For the period prior to the IPO, these unaudited condensed consolidated financial statements present the combined results of operations, comprehensive income, financial position, cash flows and stockholders’ equity of the active nutrition business of Post. All intercompany balances and transactions have been eliminated. Transactions between the Company and Post are included in these financial statements. See Note 4 for further information on transactions with Post.

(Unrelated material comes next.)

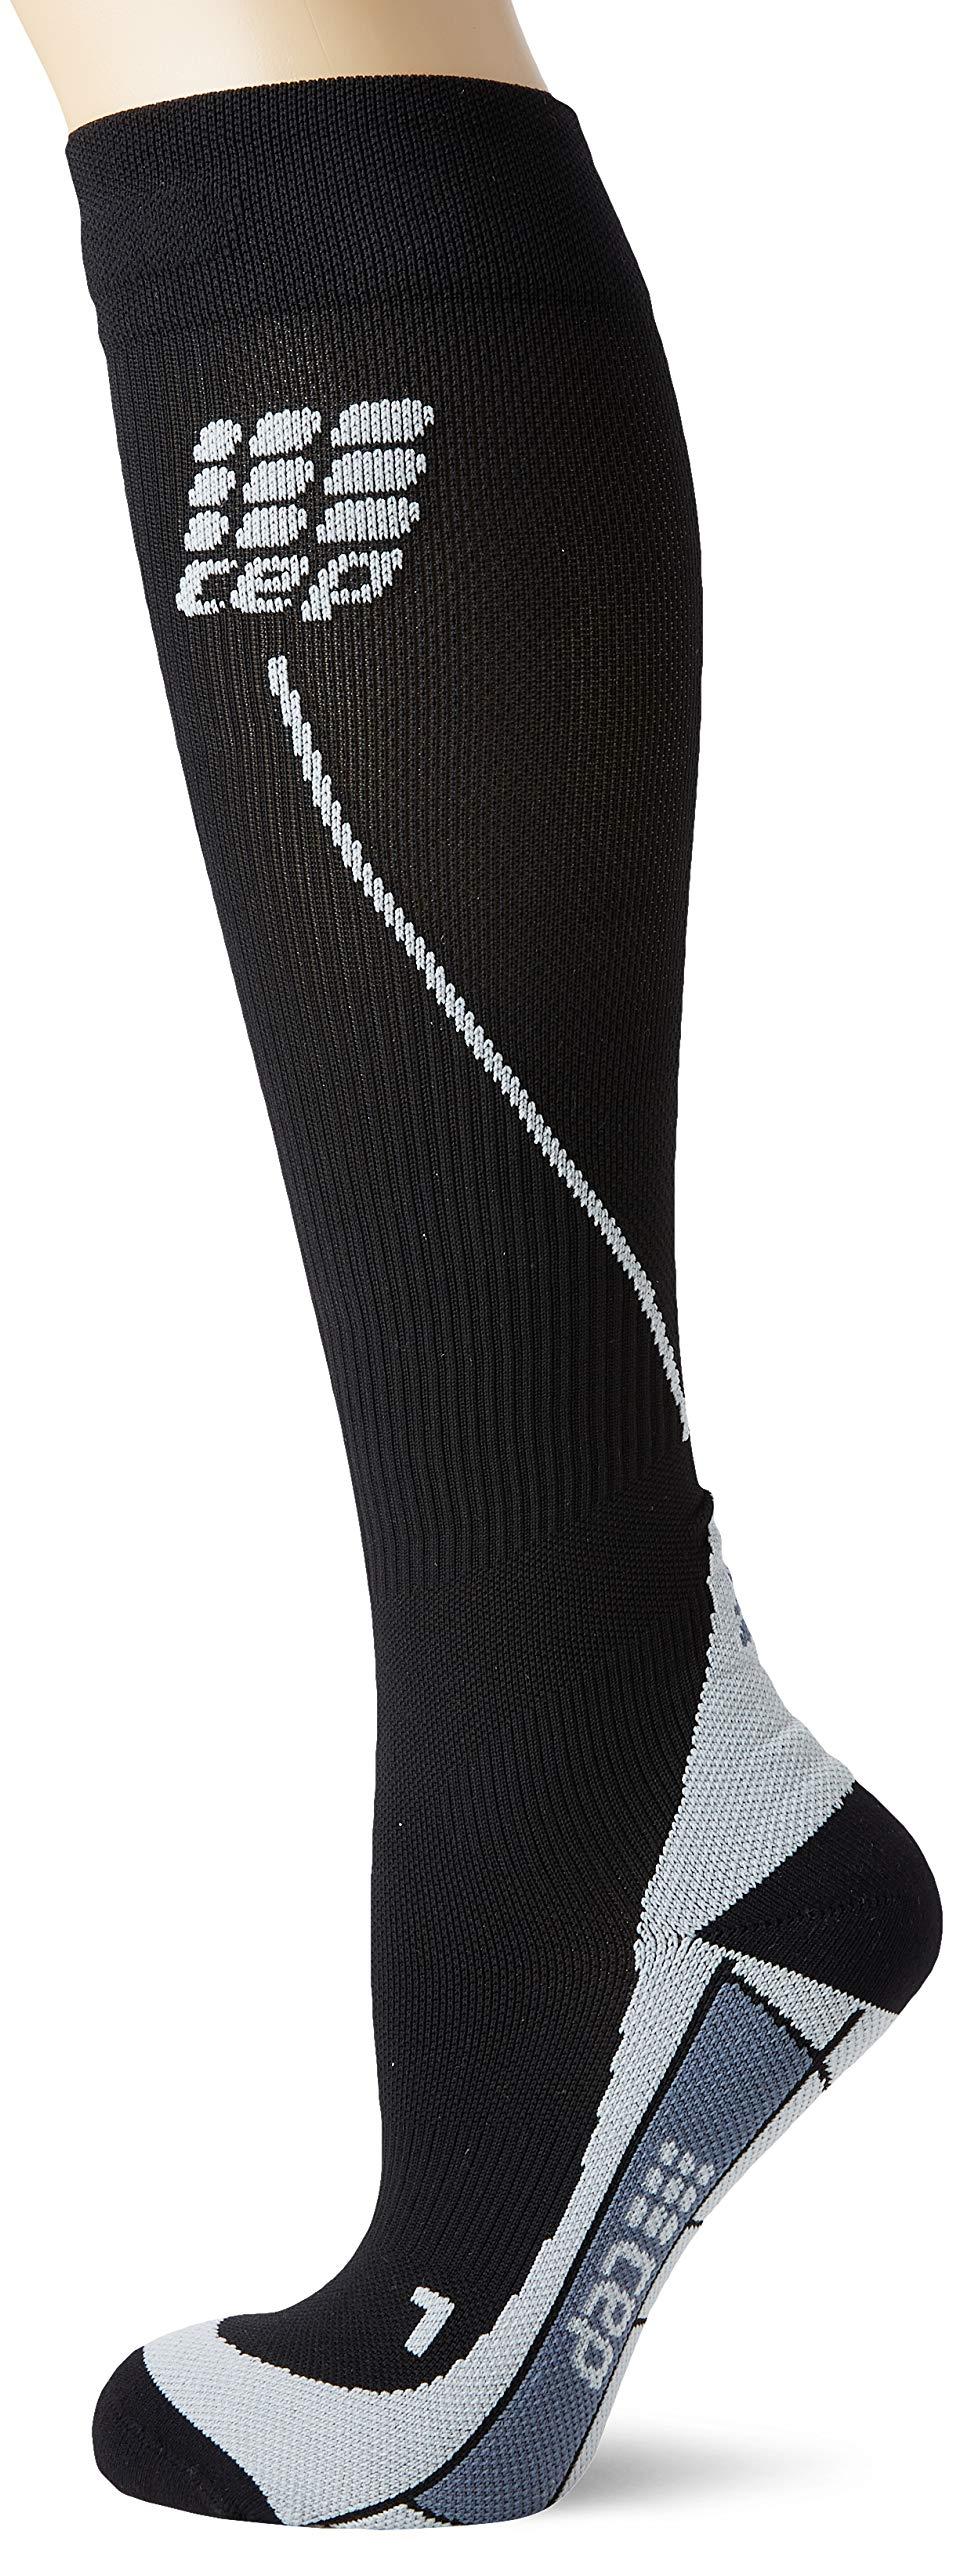 CEP Women's Progressive+ Run Socks 2.0, Black/Grey, 3 by CEP

For the period prior to the IPO, these unaudited condensed consolidated financial statements included allocations of certain Post corporate expenses. These allocated expenses related to various services that were provided to the Company by Post, including, but not limited to, cash management and other treasury services, administrative services (such as tax, employee benefit administration, risk management, internal audit, accounting and human resources) and stock-based compensation plan administration. See Note 4 for further information on services that Post continues to provide to the Company.
For the three and nine months ended June 30, 2020, $10.9 and $51.1 of the consolidated net earnings of BellRing LLC were allocated to the NCI, respectively, of which zero and $5.5 reflects the entitlement of Post to 100% of the consolidated net earnings of BellRing LLC prior to the IPO, respectively, and $10.9 and $45.6 reflects the entitlement of Post to 71.2% of the consolidated net earnings of BellRing LLC subsequent to the IPO, respectively. For the three and nine months ended June 30, 2019, $40.3 and $96.4 of the consolidated net earnings of BellRing LLC were allocated to the NCI, respectively, to reflect the entitlement of Post to 100% of the consolidated net earnings of BellRing LLC prior to the IPO.